Architecture
Offline RAG & hybrid retrieval
How NuraSafe grounds the on-device LLM with offline knowledge from KnowledgeBase.json using hybrid retrieval (lexical BM25 + dense E5 embeddings), then injects the top passages into the answer prompt when retrieval runs. The descriptions below mirror the iOS implementation (RAGEngine.swift, ChatEngine, EmbeddingService, etc.).
What ObjectBox is not doing here
VectorStore. ObjectBox holds a text mirror of chunks for persistence and possible future use—not the hot retrieval path.1. Knowledge source (corpus)
| Item | Role |
|---|---|
| NuraSafe/Resources/KnowledgeBase.json | Single source of truth: an array of chunks with id, scenario, title, content. |
| KnowledgeChunk (RAGEngine.swift) | Codable mirror of each JSON row. |
At startup / first use, RAGEngine.buildIndex() loads this file into allChunks (in RAM). All candidate selection and BM25 “haystacks” are built from this array.
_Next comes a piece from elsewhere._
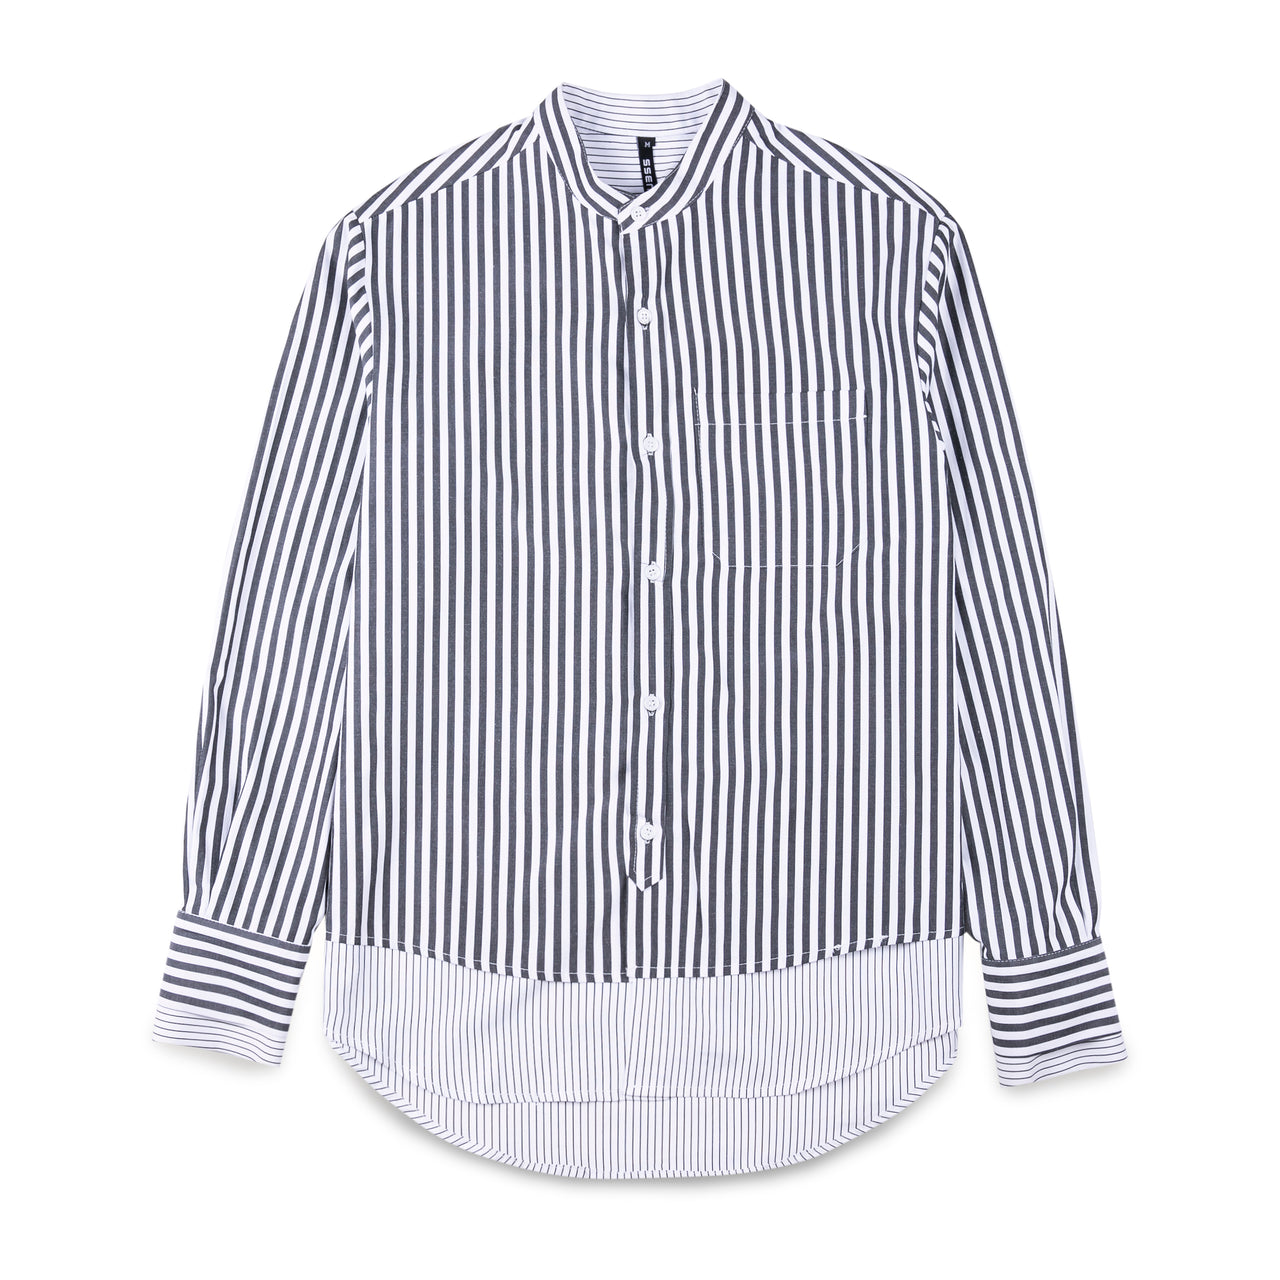 Ssense Layer Striped Shirt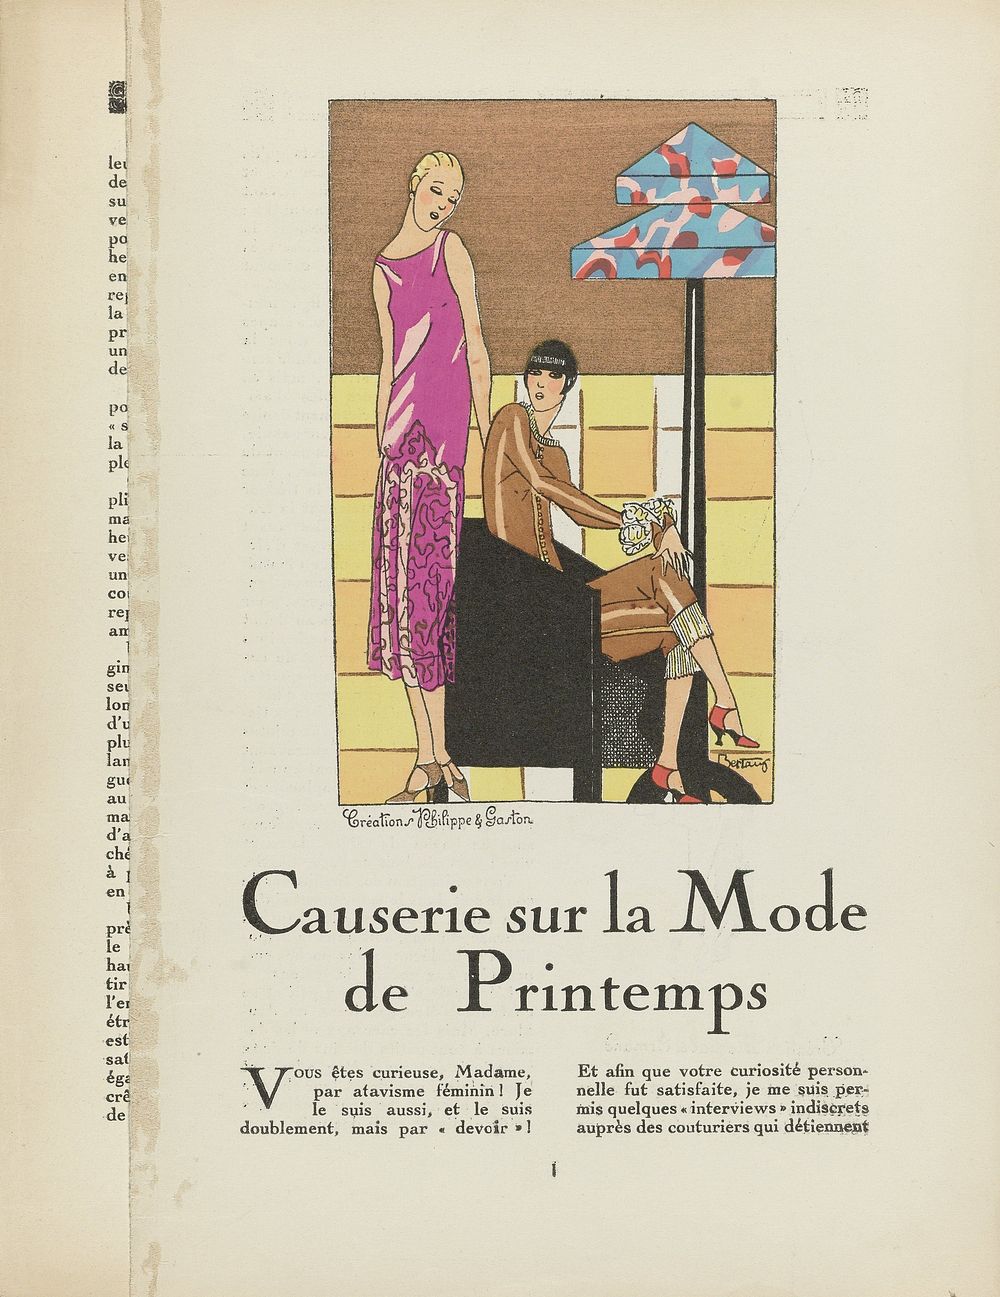 Très Parisien, 1927 : Créations Philippe & Gaston / Causerie sur la Mode de Printemps (...) (1927) by Bertaux, anonymous…

2. Index build (buildIndex → buildSemanticIndex)
Trigger: ChatEngine.loadModel() → ragEngine.buildIndex() — typically once per app session until the index is ready.
- Load JSON →
allChunks. EmbeddingService.reloadFromBundleIfNeeded()— ensure Core ML E5 is loaded (multilingual-e5-small.mlpackage/.mlmodelc).- If E5 is missing: index can still be marked ready;
ObjectBoxKnowledgeStore.replaceAllruns; retrieval is BM25-only (no dense vectors). - If E5 is present:
- Cache hit: if
KnowledgeIndexStorematches the KB andchunks.jsonhas embeddings for every chunk → load embeddings →vectorStore.insertAll→ ObjectBox sync → done. - Cache miss (KB hash change, tokenizer version bump, etc.): re-embed every chunk on a background
Task.detached, each viaembedPassage(title:content:)→KnowledgeChunkEntitywithembeddingData.
- Cache hit: if
vectorStore.insertAllwith(id, embedding).KnowledgeIndexStore.saveChunks— persists JSON under Application SupportNuraSafe/KnowledgeIndex/chunks.json.KnowledgeIndexStore.markUpToDate— stores a KB fingerprint in UserDefaults.ObjectBoxKnowledgeStore.replaceAll— one ObjectBox row per chunk (text fields onKnowledgeVectorEntity).
Embeddings on disk: KnowledgeChunkEntity.embeddingData — 384 floats per chunk (KnowledgeChunkEntity.swift).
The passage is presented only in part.